Home Department written question – answered at on 28 April 2014.
To ask the Secretary of State for the Home Department how many unaccompanied migrant children have been forcibly removed to another country in each of the last five years.
No unaccompanied child under the age of 18 can be forcibly removed from the UK unless adequate care and reception arrangements are in place in their country of origin. The difficulty of setting up suitable reception arrangements has meant that, with the exception of transfers to other European Union countries under the Dublin Regulations1, the Home Office does not routinely enforce the return of unaccompanied children to any country. The majority of unaccompanied children whose asylum claims are rejected are granted temporary leave which is reviewed when they reach 17 and a half years of age. We believe that the vast majority of enforced returns of unaccompanied children undertaken between 2006 and 2010 were transfers under the Dublin Regulations.

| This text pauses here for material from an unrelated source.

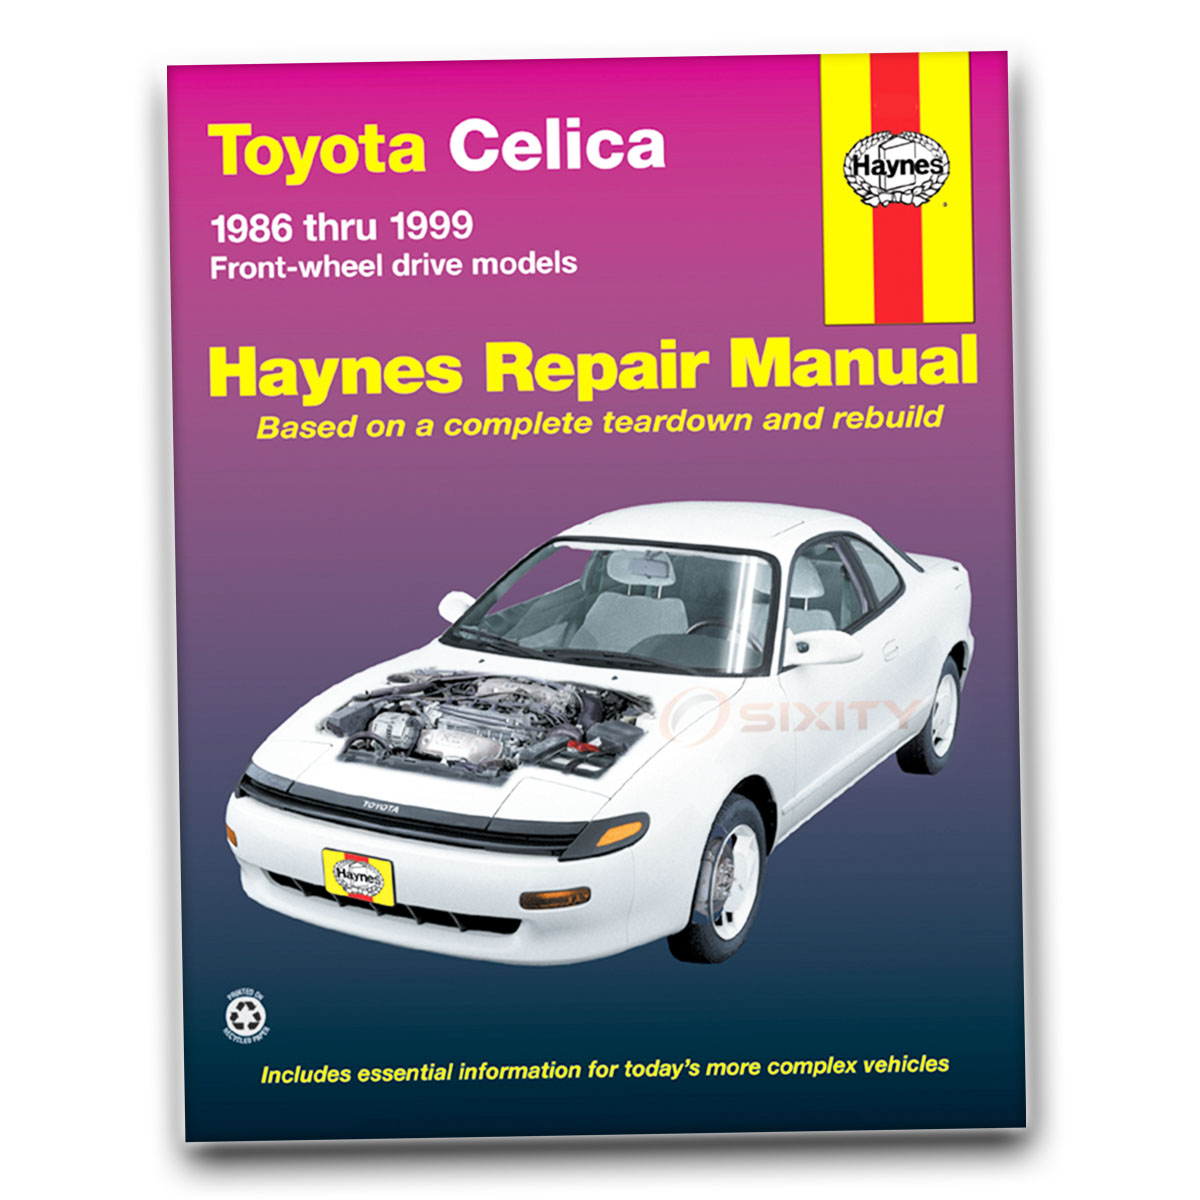 Toyota Celica Haynes Repair Manual All Trac Gts St Shop Service Garage Book Zs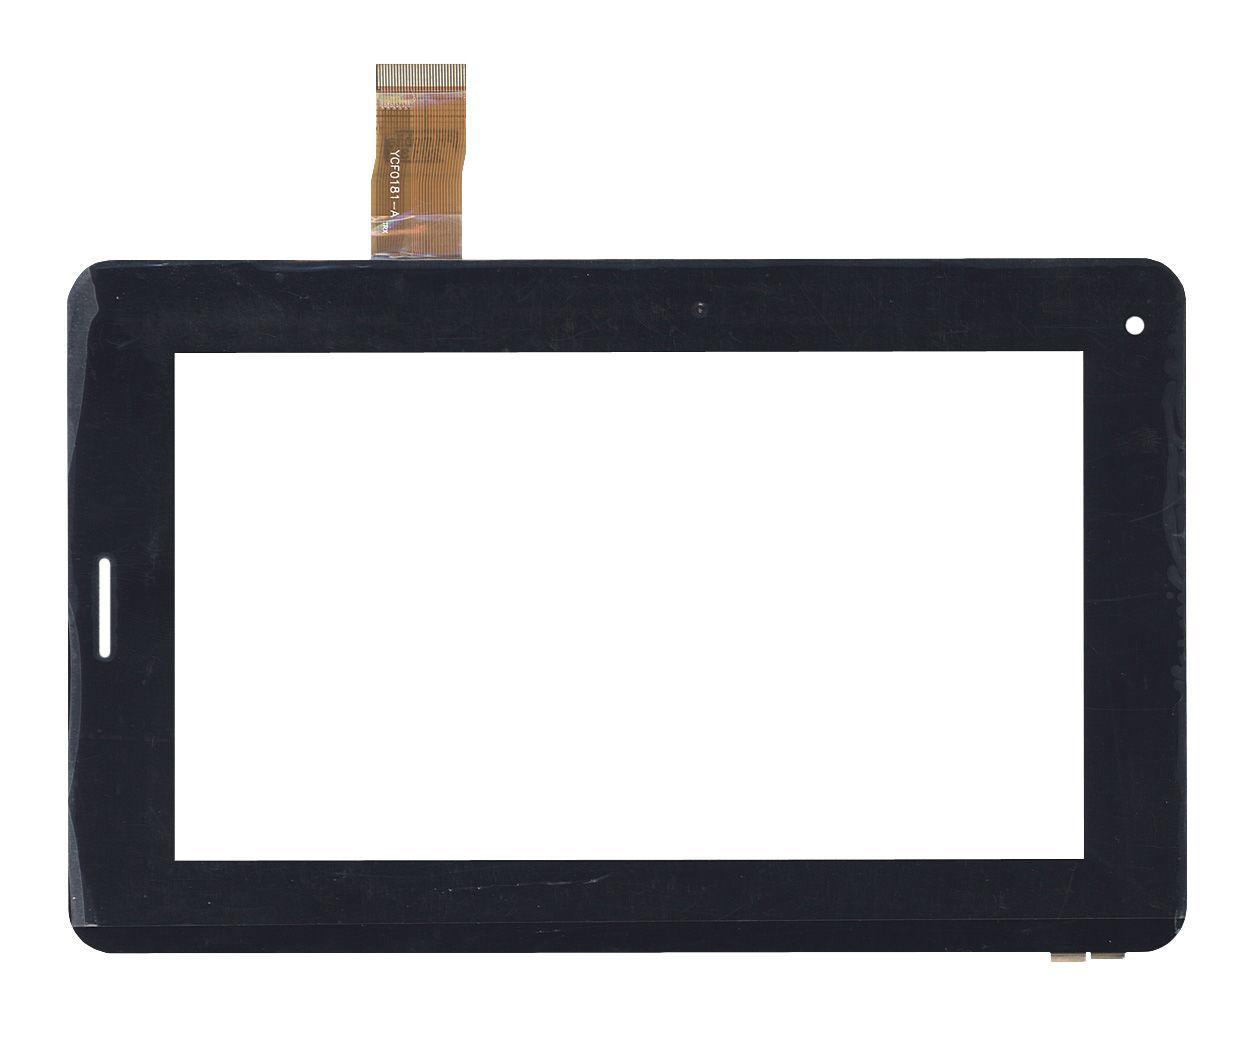 Тачскрин (Сенсорное стекло) для планшета JQFP07006A черный. размер: 190х118mm, 30 PIN

1 The Dublin Regulation EC No. 343/2003 is a binding measure of European Community law to determine which State should be responsible for examining an application for asylum made within the EU territory.
Table 1: Unaccompanied asylum seeking children removals 2009 to 2013 | |
Date of removal | Total |
2009 | 31 |
2010 | 12 |
2011 | 2 |
2012 | 6 |
2013 | 2 |
Grand total | 53 |
‘Migrant children’ have been interpreted as unaccompanied asylum seeking children (UASC) in answering this question.